More information about the business operations of the LockBit ransomware gang have emerged, a day after the UK National Crime Agency (NCA) and partners were able to apparently disrupt the group and deface its leak site.
According to The Register, the NCA found 187 groups and individuals registered inside the LockBit affiliate portal. LockBit operated on a Ransomware-as-a-Service (RaaS) model, in which various groups signed up and used the encryptor and the infrastructure, in exchange for a cut of the profits (the ransom payment, essentially).
The law enforcement says the affiliates registered between January 31, 2022, and February 5, 2024.
“Have a nice day”
“Hello [user name], Law Enforcement has taken control of LockBit’s platform and obtained all the information held on there. This information relates to the LockBit group and you, their affiliate,” the NCA said in a message left on the affiliate portal, following defacement. “We have source code, details of the victims you have attacked, the amount of money extorted, the data stolen, chats, and much, much more. You can thank Lockbitsupp and their flawed infrastructure for this situation… we may be in touch with you very soon.”
“If you would like to contact us directly, please get in touch. Have a nice day.”
LockBit is a Russia-based ransomware group that was considered one of the biggest threats – if not the biggest threat – in the ransomware industry. Given the location, arrests are highly unlikely, but the NCA, together with the FBI and a host of other law enforcement agencies, managed to infiltrate LockBit’s infrastructure and take it down. Whether or not LockBit returns in one form or another remains to be seen. However, with law enforcement turning their attention towards the affiliates, it’s possible that the ransomware industry will change forever.

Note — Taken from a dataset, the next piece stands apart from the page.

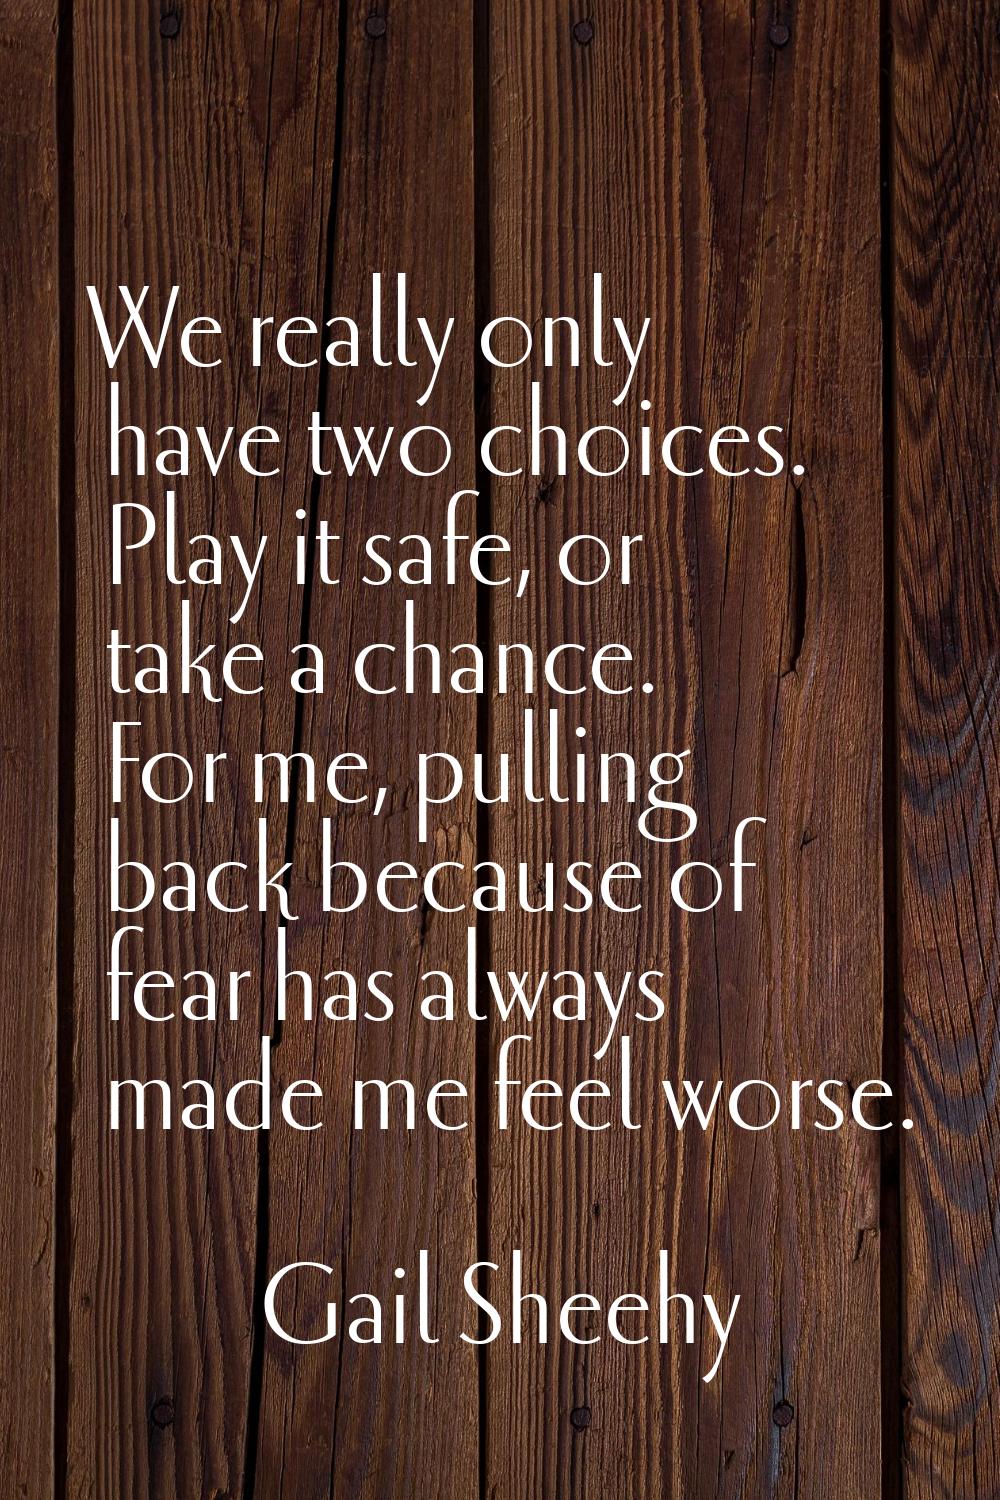 We really only have two choices. Play it safe, or take a chance. For me, pulling back because of fe
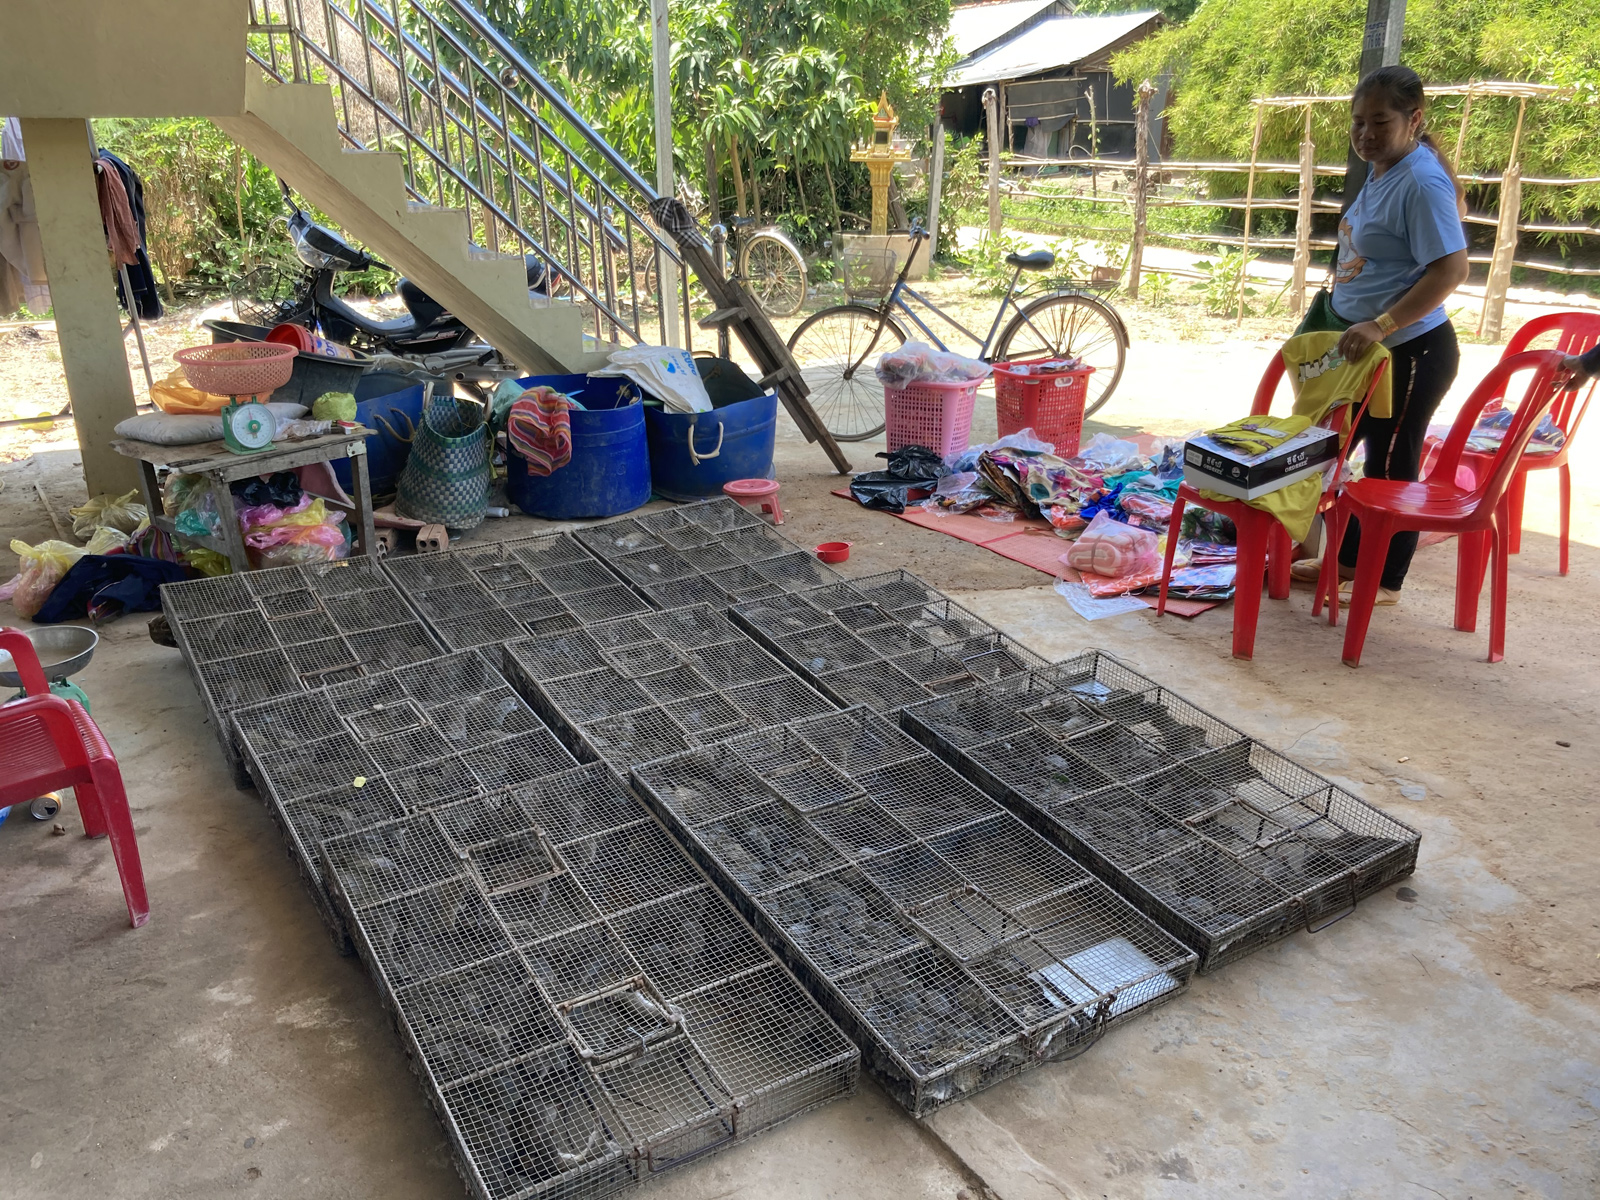 Takeo province rat brokers store their daily procurement of rats in their front yard, before it is sent across the border to Vietnam.

“A large amount of data has been exfiltrated from LockBit’s platform before it was all corrupted,” a notice now stands on the LockBit website. “With this data, the NCA and partners will be coordinating further enquiries to identify the hackers who pay to be a LockBit affiliate. Some basic details published here for the first time.”
Ciaran Martin, the former head of the UK’s National Cyber Security Centre told the BBC that this was “one of the most consequential disruptions ever undertaken” against a ransomware operator. “Certainly by far the biggest ever led by British police.”